На шум прибежала Мола и с причитаниями и вздохами, получив ни за что пару толчков и ударов, разняла их. Она взяла Тию на руки, прижала к себе, покачивая, точно младенца. Та вырывалась, бранясь, на непонятном из-за слез языке, но потом обмякла и уже только вздрагивала всем телом от плача. Норна нежно погладила ее по всклоченным ярко-красным волосам:
– Ох! Все будет хорошо, хорошо, госпожа! Ну все! Ну все!
Кару нерешительно оторвалась от стены, крадучись подошла к Моле и припала к ее боку.
– Господин Ун, умойтесь и идите к себе. Не обижайтесь. Вашим сестрам сейчас очень плохо. Ну все, ну все, госпожа! Давайте сделаем вам чаю!
Тия совсем замолкла и только бессильно всхлипывала, пока ее уносили, Кару бежала за служанкой как перепуганный утенок, а Ун так и стоял по середине коридора, держа в руках обрывки картины.
– Я же не хотел! – пробормотал он угрюмо, и протер глаза сгибом локтя. – Я же не знал!..
Он вернулся в комнату. Ящик стола и все его школьные папки оказались безжалостно выпотрошены. Тия была настроена решительно и знала, что ищет. Пустая разломанная и разбитая рамка валялась на ковре. Ун переодел испачканную рубаху, бросив грязную в угол, с тяжелым вздохом сел на край кровати и посмотрел на половинки картины. Удивительное дело, но разрыв был достаточно ровным, а краска на его краю, нанесенная толстым слоем,крошилась. Такими красками писали картины только для важных музеев. Странно, что какой-то сорен позволил своему ребенку тратить такие дорогие припасы. Впрочем сейчас это не имело никакого значения..
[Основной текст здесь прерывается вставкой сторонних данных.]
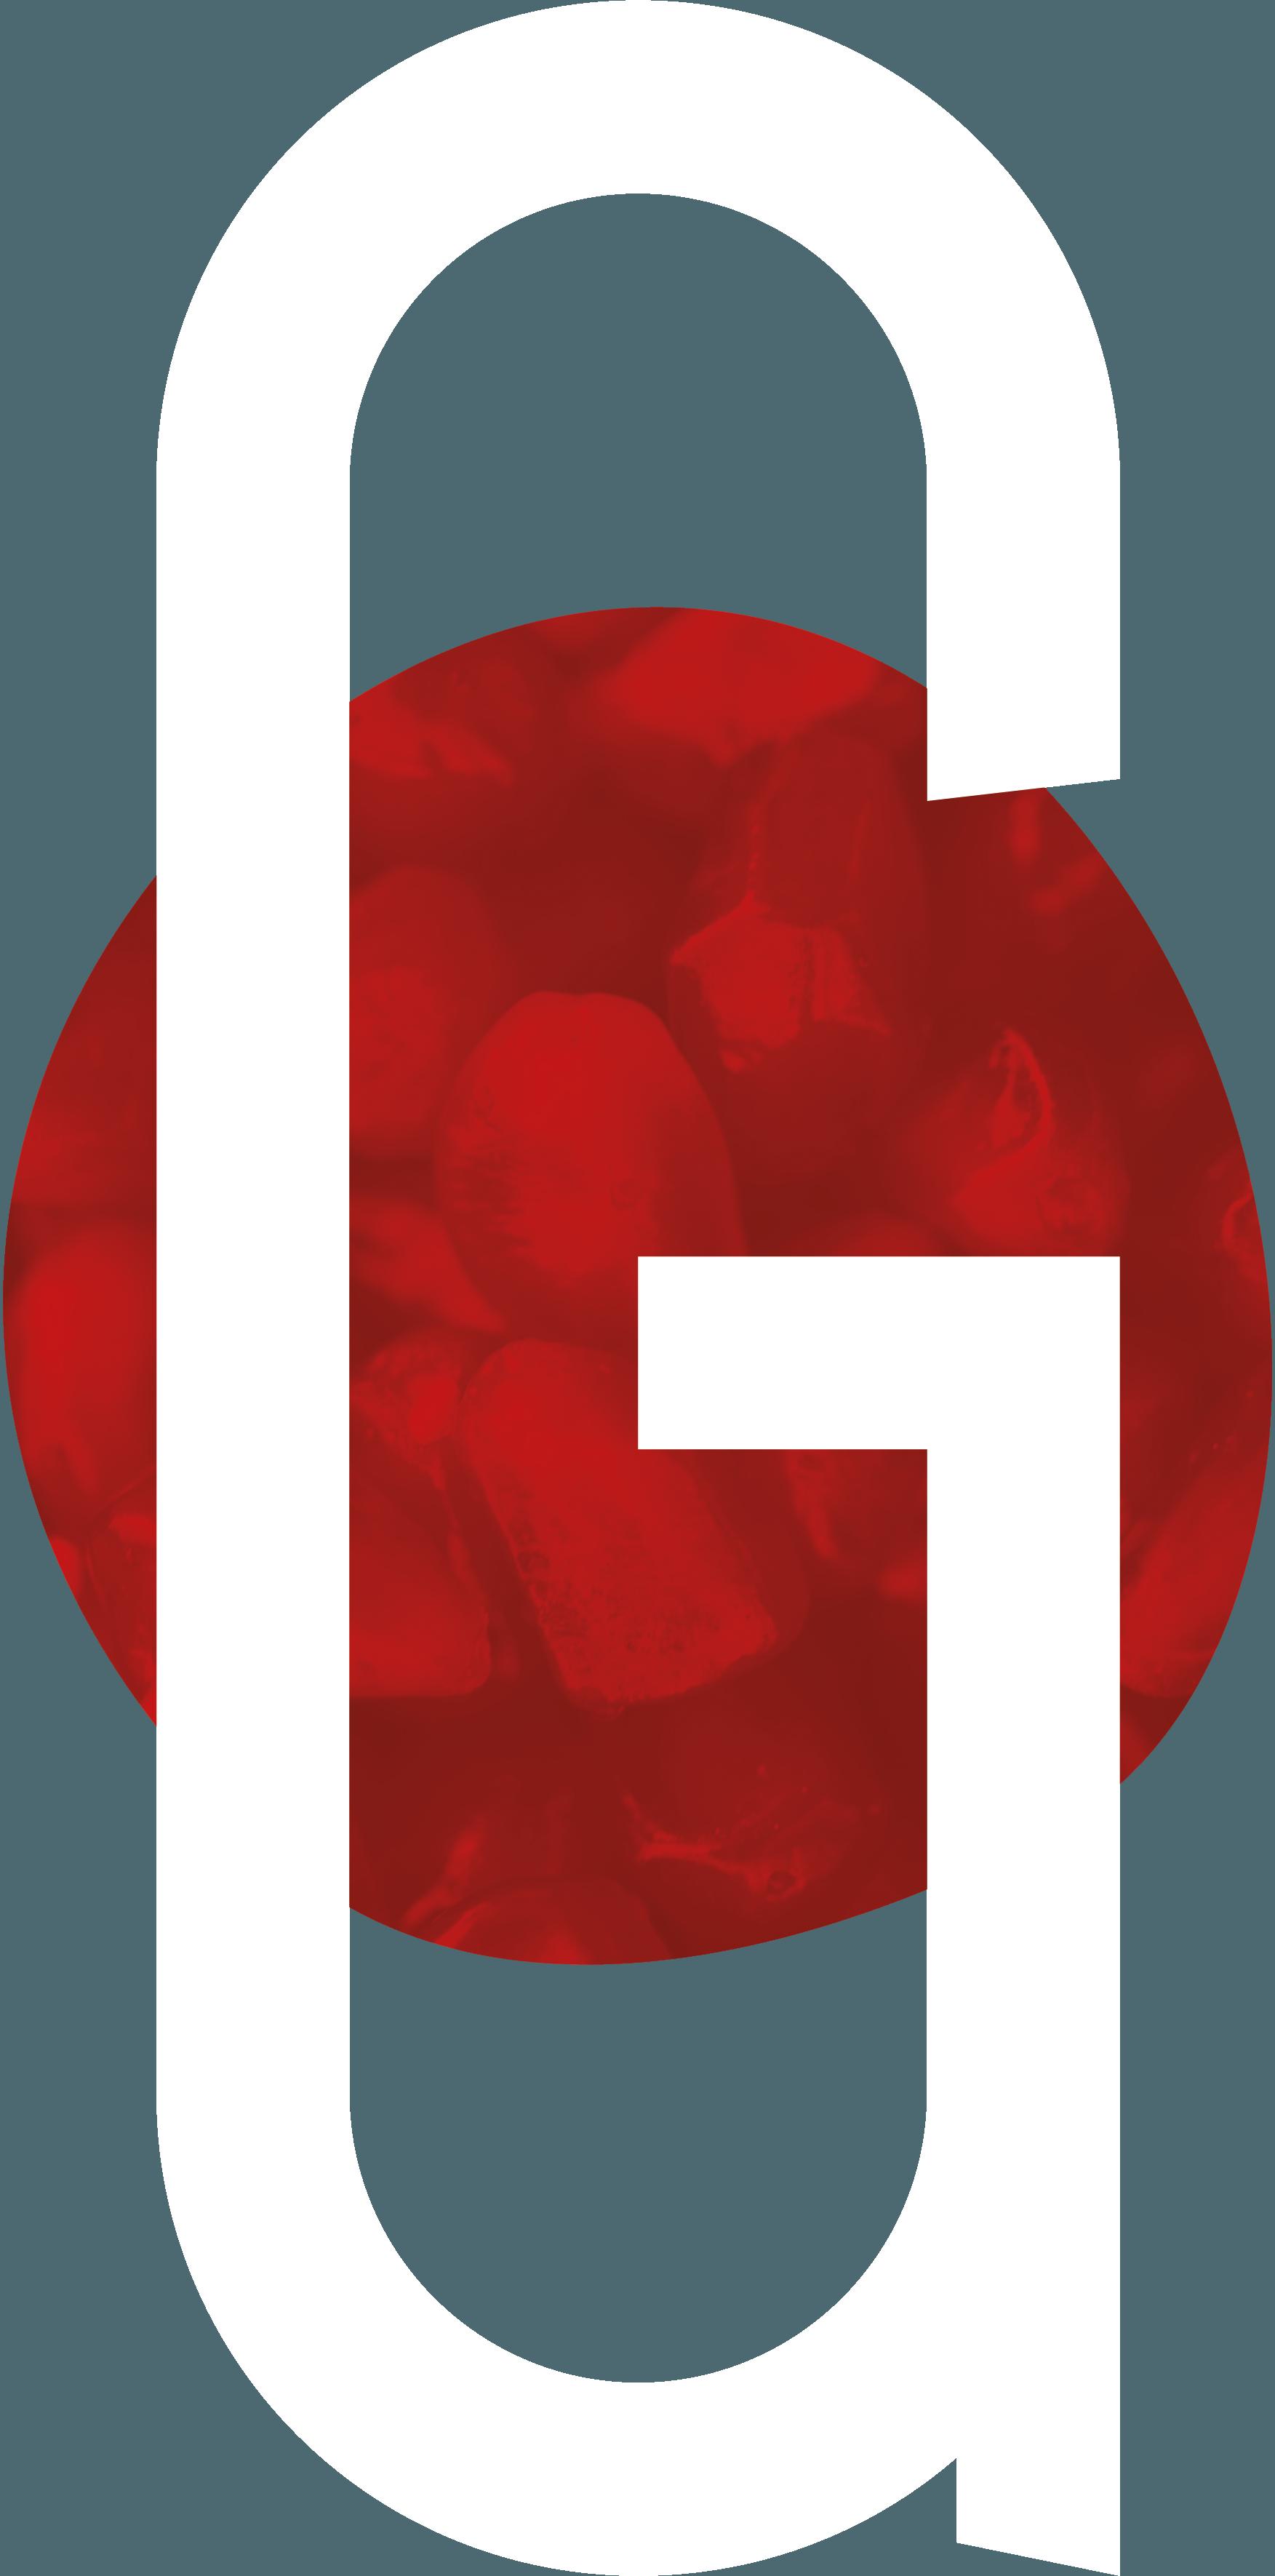 Gastrobar 't Genoegen

«Склею ее», – решил Ун и перевернул кусочки, чтобы решить, как это лучше сделать. Здесь его подстерегло новое огорчение. Конечно, Тия не могла просто порвать картину! Этого для ее мстительного духа было мало. Она еще и намалевала что-то на оборотной стороне. Ун с раздражением вгляделся в ряды странных закорючек, нанесенных черными чернилами, и озадаченно нахмурился.
Для сестринского гнева ряды мелких значков были слишком уж аккуратными и прямыми. Тая бы нарисовала какую-нибудь гадость или написала подслушанное в школе ругательство, а эти значки напоминали узор из древней рукописной книги или буквы незнакомого алфавита – закорючки повторялись снова и снова в случайном порядке, но были остроконечными и совершенно ни на что непохожими. В раанском алфавите буквы были куда более мягкими и округлыми.
– Нет, это не Тиа нарисовала, – сказал Ун вслух, хотя рядом никого не было. Ему просто хотелось, чтобы его кто-то сейчас услышал. – Ничего. Пусть остаются.
Тишина комнаты была совершенной, и только часы угрюмо тикали, отсчитывая ускользающее время.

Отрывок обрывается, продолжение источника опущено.